The third command uses hdparm to read the specified sector. I'm using it to attempt to read sectors that badblocks identified and listed in the output file sdberrorlist3.txt.

Findings:
I let badblocks run to completion on /dev/sdb. It found over 2200 bad blocks on this 20 gb drive, taking about 12+ hours to complete. I examined the smartctl output and saw errors like this whenever badblocks hit a bad sector area:

Error 65535 occurred at disk power-on lifetime: 36702 hours (1529 days + 6 hours)
When the command that caused the error occurred, the device was active or idle.
After command completion occurred, registers were:
ER ST SC SN CL CH DH
-- -- -- -- -- -- --
40 51 08 b0 e7 73 e1 Error: UNC 8 sectors at LBA = 0x0173e7b0 = 24373168

Commands leading to the command that caused the error were:
CR FR SC SN CL CH DH DC Powered_Up_Time Command/Feature_Name
-- -- -- -- -- -- -- -- ---------------- --------------------
c8 00 08 b0 e7 73 e1 00 1d+13:46:56.100 READ DMA
f8 00 00 00 00 00 e0 00 1d+13:46:56.100 READ NATIVE MAX ADDRESS
ec 00 00 00 00 00 a0 02 1d+13:46:56.100 IDENTIFY DEVICE
ef 07 00 00 00 00 a0 00 1d+13:46:56.100 SET FEATURES [Set device spin-up]
ec 00 00 00 00 00 a0 02 1d+13:46:56.100 IDENTIFY DEVICE

From this, it looks like badblocks is instructing the subsystem to read 8 sectors at a time and using DMA access, even though I specified a blocksize of 512 bytes, which is one sector.

I tested sector readability with the hdparm --read-sector command, which successfully read some of the sectors badblocks had reported as bad. Two sectors that were listed in the badblocks output file were 17938734 and 17938735. The hdparm sector read results are:

user@user-desktop:~$ sudo hdparm --read-sector 17938734 /dev/sdb
/dev/sdb:
reading sector 17938734: FAILED: Input/output error

user@user-desktop:~$ sudo hdparm --read-sector 17938735 /dev/sdb
/dev/sdb:
reading sector 17938735: succeeded
5a4d 0090 0003 0000 0004 0000 ffff 0000
(and 20+ similar lines)

Here is what the SMART error log showed after running the hdparm command that had the error shown above:

Error 65535 occurred at disk power-on lifetime: 36758 hours (1529 days + 7 hours)
When the command that caused the error occurred, the device was doing SMART Offline or Self-test.
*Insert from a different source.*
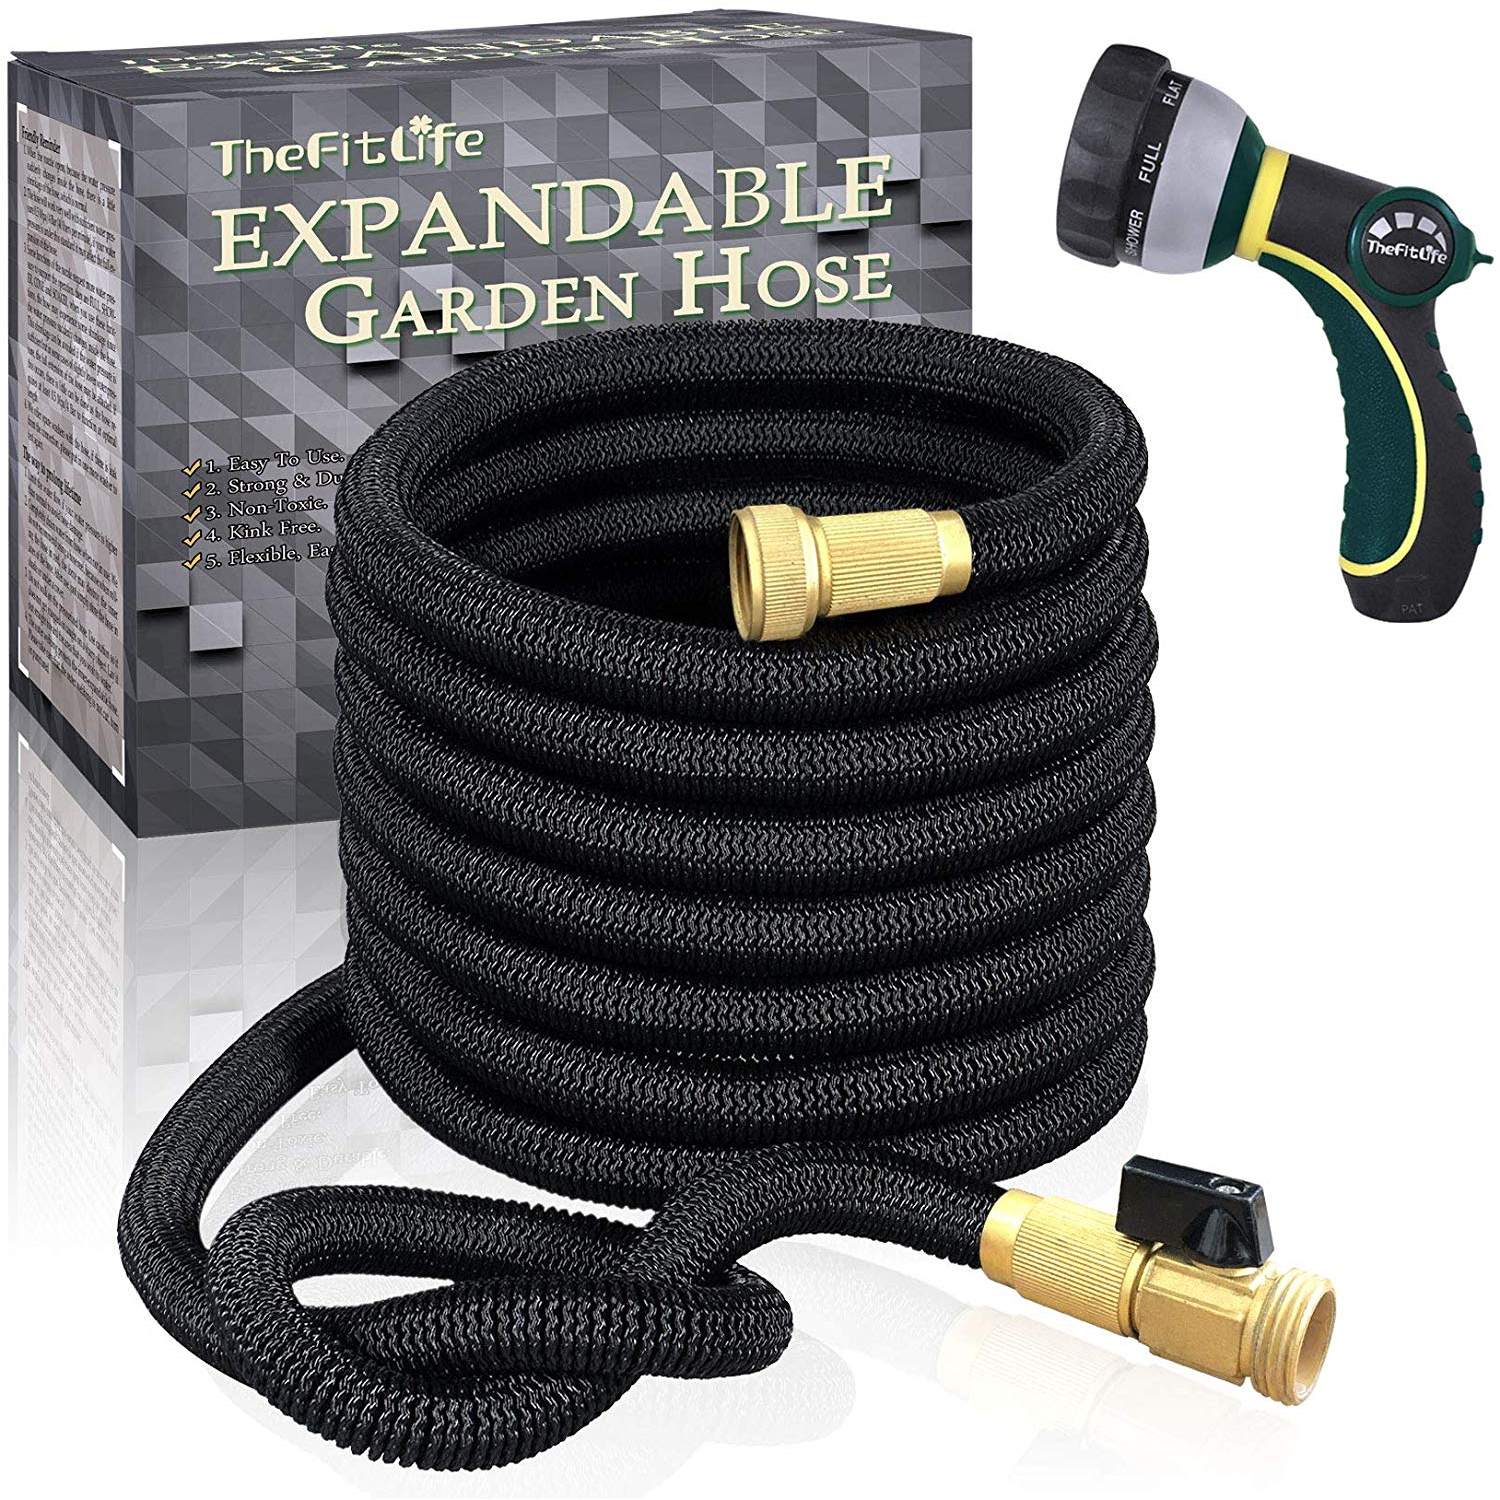 TheFitLife Flexible and Expandable Garden Hose

After command completion occurred, registers were:
ER ST SC SN CL CH DH
-- -- -- -- -- -- --
40 59 01 2e b9 11 e1 Error: UNC at LBA = 0x0111b92e = 17938734

Commands leading to the command that caused the error were:
CR FR SC SN CL CH DH DC Powered_Up_Time Command/Feature_Name
-- -- -- -- -- -- -- -- ---------------- --------------------
20 00 01 2e b9 11 e1 00 3d+21:25:01.300 READ SECTOR(S)
20 00 01 2f b9 11 e1 00 3d+20:44:56.200 READ SECTOR(S)
e5 00 00 00 00 00 a0 00 1d+20:44:47.300 CHECK POWER MODE
e0 00 00 00 00 00 e0 00 1d+20:44:31.200 STANDBY IMMEDIATE
b0 d0 01 00 4f c2 a0 00 1d+20:44:17.200 SMART READ DATA

It looks like hdparm is truly attempting to read a single sector and not using DMA.

It appears that badblocks is overreporting which blocks are bad (i.e. some of the blocks reported as bad are actually still readable). Further confirmation of the overreporting comes from the SMART data field '197 Current_Pending_Sector' which is at 1176. This Current_Pending_Sector count decreases when I use hdparm --repair-sector, or HDAT2, or the IBM Drive Fitness Test's Corrupt Sector repair option. As the Reallocated_Sector_Ct has not been increasing along with these repairs, I believe that most of them are due to sectors that were written improperly (i.e. the sector data written doesn't match the sector ECC written). Drive firmware bugs or intermittent component failures might be the root cause but that's really just speculation.

Suggestions:
Change how badblocks reads the disk so that the badblocks output file does not include sectors that are actually readable on an individual basis. As it is right now, the badblocks output lists a mix of sectors that do in fact read fine along with bad sectors.
GNU ddrescue 1.9 (different from dd_rescue) can read on a sector by sector basis, and it also has a direct drive access option (-d). It also can fast skip over suspect areas to get the drive scanned quickly before returning for a more thorough examination of the previously skipped areas. This is a useful characteristic in a scrub.

Use case 1:
Take the output of badblocks and use it in other repair tools, e.g. hdparm --repair-sector

Use case 2:
Another tool (I don't believe this one exists yet for ext2/3/4, but would be a good addition to this toolset) would be a physical or logical sector to file mapping tool, so one can quickly identify which files have been affected by the bad sectors, and then be able to decide whether that file is best off deleted and copied from another location, or if a partial recovery possibly losing the whole 512 bytes using hdparm/HDAT/Spinrite is preferable.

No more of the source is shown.